“It’s the great unknown of this industry,” Scott Petty, Vodafone UK CTO, says of 5G smartphones.
While operators in the US and Asia vie to be the first to launch a commercial network later this year, the first smartphones, complete with new chipsets and batter management capabilities, won’t be available until mid-2019. And no one knows what form they will take.
It’s this uncertainty that means Vodafone is relaxed about a possible 2020 UK launch date and is more excited about how 5G will change its network – at least for now. It acknowledges 5G is a buzzword, but believes this shouldn’t detract from its ability to be a “gamechanger” for the mobile industry.
Petty shares the conventional wisdom that 5G will enable revolutionary new applications thanks to its ultrafast speeds, enhanced capacity and ultra-low latency, but also cautions that when the first 3G networks were being built and 4G was being standardised, it was impossible to foresee the impact that smartphones would have.
Early 5G networks will use new radio technologies but still connect to the same core network as 4G. This will mean faster mobile broadband speeds, but the truly transformational aspects will rely on a rethinking of how core networks are built.
“A lot of [5G] is already real,” he argues. “The areas we get really excited about are what it does our core network. The first thing is virtualising our core infrastructure, taking out our legacy infrastructure and making it cloud enabled so we can move it around our network.”
Vodafone is already preparing its infrastructure by converging it’s mobile and fixed network teams into a single unit. The ‘Redstream’ platform makes use of Vodafone’s own fibre assets, meaning it has advantages over other operators which are more reliant on Openreach’s network.
“That network allows us to give low latency not just home broadband customers but also on our 3G and 4G network,” explains Kyle Prigg, Head of Networks at Vodafone UK. “In the future we will be able to give low latency to 5G.”
There have been other long-term projects too. Vodafone’s 4G network is now available to 98 per cent of the UK population (although it trails EE’s geographic coverage) while it’s voice service is available to 94 per cent of the country – a figure it claims is more than any other operator.
Coverage has been boosted by a long-term partnership with O2 called Cornerstone. It’s ‘Project Beacon’ saw O2 and Vodafone divide the country and the capital into two halves, with each operator responsible for one portion and both sharing the infrastructure.
“The network share with Telefonica has enabled us to roll out at quite a pace and deliver a lot of synergies,” adds Prigg.
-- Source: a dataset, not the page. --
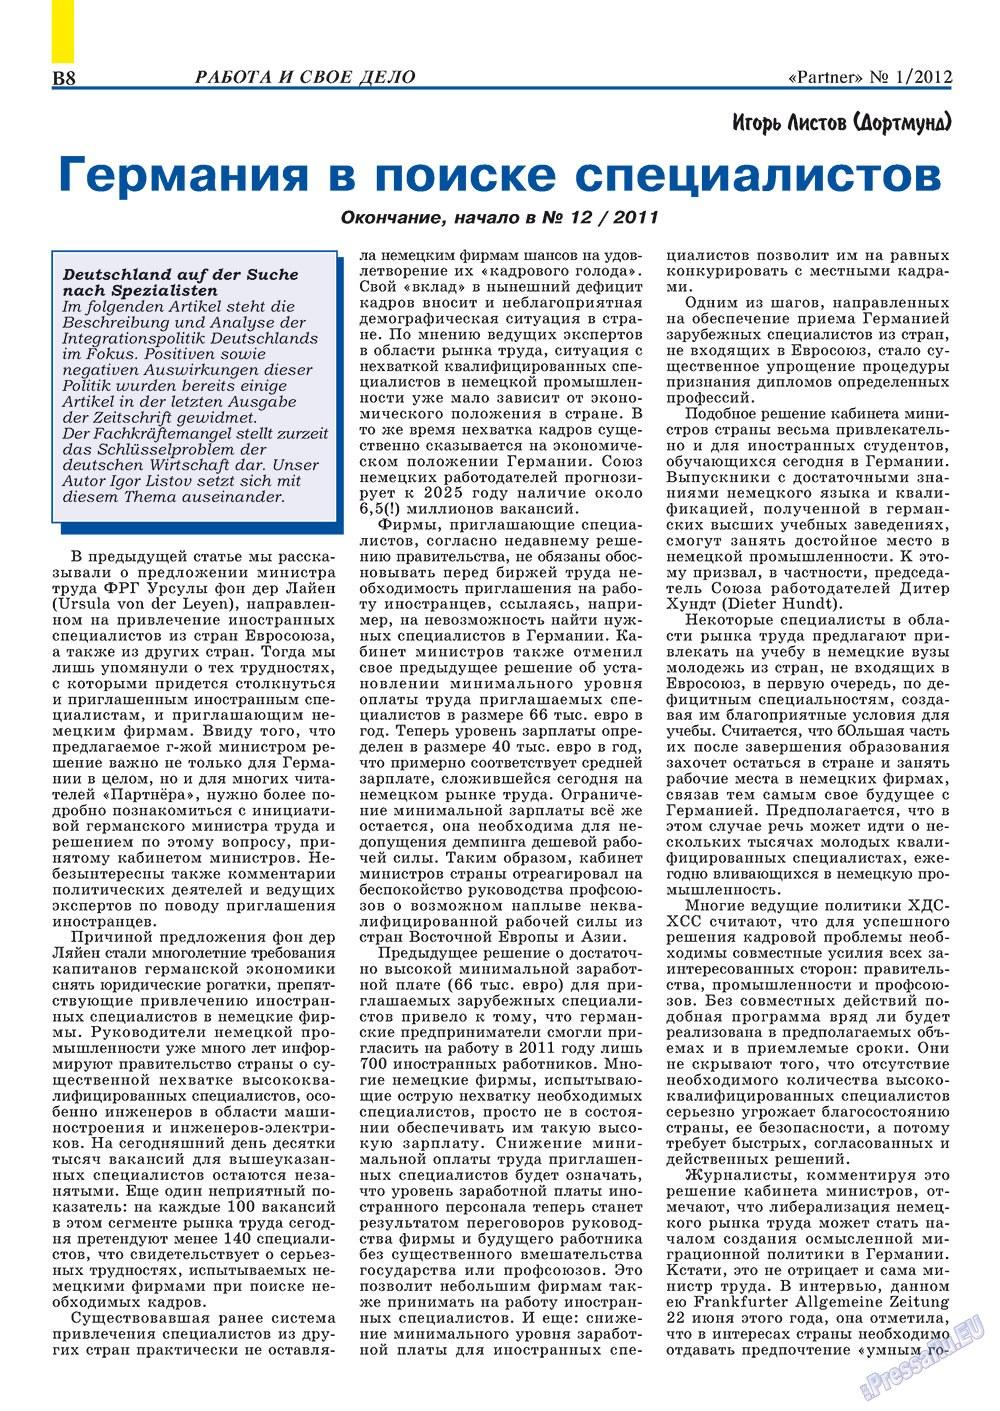 Партнер-север (журнал). 2012 год, номер 1, стр. 18

However London has since been excluded from this arrangement. Previously, O2 was responsible for North London, while Vodafone covered the South. Now, each firm will rollout their own infrastructure across the capital.
“London is an extreme case in terms of data use, so we decided to unwind the relationship in London,” says Prigg. “The result is extreme, [giving us] huge increases in throughput and traffic. It’s enabling us to give our customers better signal in the north of London.”
London is a priority for Vodafone given its strong business customer base, and the firm is also conducting tests on the London Underground, specifically the Waterloo & City line. It’s also been rolling out low level spectrum to boost coverage.
Vodafone won the most 3.4GHz spectrum at the recent Ofcom auction, but acknowledges it will need more to deliver a quality 5G service.
“We need spectrum and we were very happy with the outcome of the recent spectrum auction,” says Scott. “This was high band spectrum which is very fast but doesn’t propagate very far. There will be another auction later this year [that will do the opposite].”
But the 3.4GHz airwaves will be suitable for the initial rollout of 5G, which will likely take place in a few cities in 2020. Scott believes adoption will be similar to 4G but with a crucial difference – it will be the Internet of Things (IoT) rather than smartphones that will be the driver.
“4G adoption benefit from massive innovation in the smartphone market, with new iPhones and Android handsets,” he says. “That innovation is unlikely to happen again in the next five to seven years.”
Given the fact that smartphone growth is declining, and sales actually fell for the first time earlier this year, Scott might be right.
But he also guards that prediction by claiming that different operators will have differing definitions of 5G.
“There’s a lot of discussion to define what 5G is,” he concludes. “In terms of readiness, we’re pragmatic. This is a multi-year journey.”